Don't simply replace one knee-jerk response -- "blame dirty media" -- with another --"let's have more dirty media."

How do Europeans compare to the US regarding single-parent households? Since that stat, more than anything, will dictate teenage well-being, it's an obvious, though politically incorrect, question. 
Daniel Rubin
Posted 04/04/2006 10:07:33 AM
Who is snickering here? Single-parent households? - more in the U.S. see: http://www.bls.gov/opub/mlr/2004/09/bookrevs.htm
Far more likely to see two parents, although not necessarily married couples.
That Dude
Posted 04/04/2006 10:11:52 AM
First off, who believes that European teens are having less sex than American teens?  Cmon!
Vibrators
Posted 04/04/2006 07:43:28 PM
Amazingly, "Desperate Housewives" star Eva Longoria got in trouble with ABC for mentioning she uses a vibrator. Why are American's so fearful of masturbation and sex toys?
Puck
Posted 04/05/2006 09:29:32 AM
Wow - how did I miss a discussion about my favorite form of entertainment? I'm much too busy.

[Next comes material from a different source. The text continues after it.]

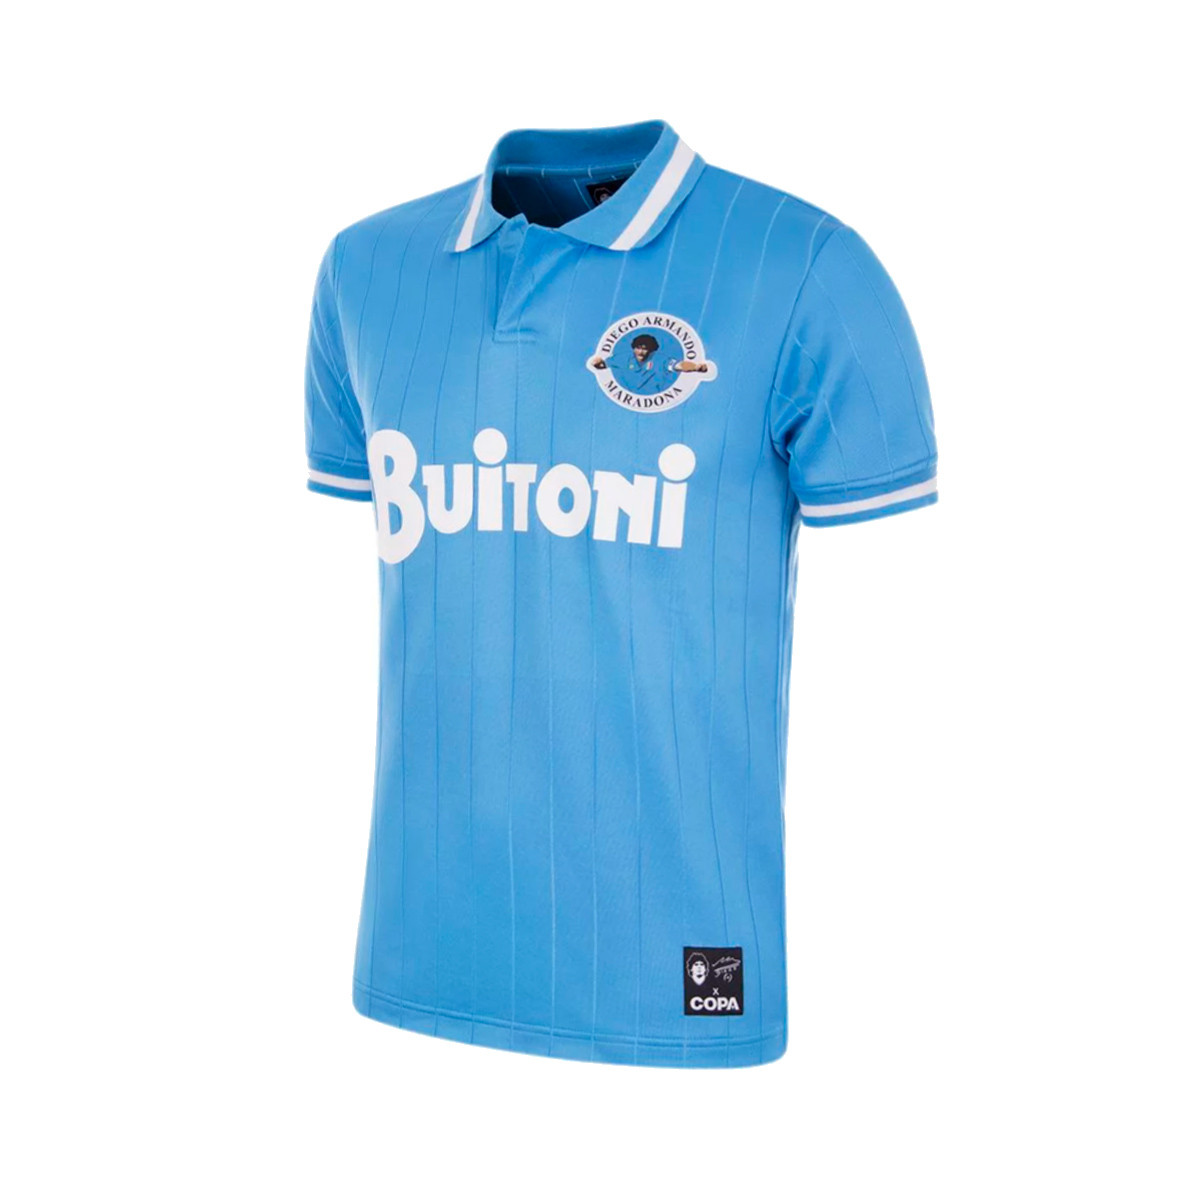 Camiseta COPA Maradona X Copa Napoli 1986 - 87 Blue Fútbol Emotion

I don't agree that America considers sex "dirty."  I think most America (e.g. the grassroots you were trying to stigmatize with that charge) think that sex is very powerful, very dangerous, and needs the social proscriptions that traditon has created.  I think that is reasonable.

I was performing at an international dance festival at Univ of Penna International House last year.  I watched dance groups from India, China, Ukraine, and a couple others.  Then an American couple - ballroom dancers - performed. Compared to the traditional non-American cultures they were practically naked.  I winced as I watched them wondering what the foreigners (who were the majority in the audience) think of we Americans.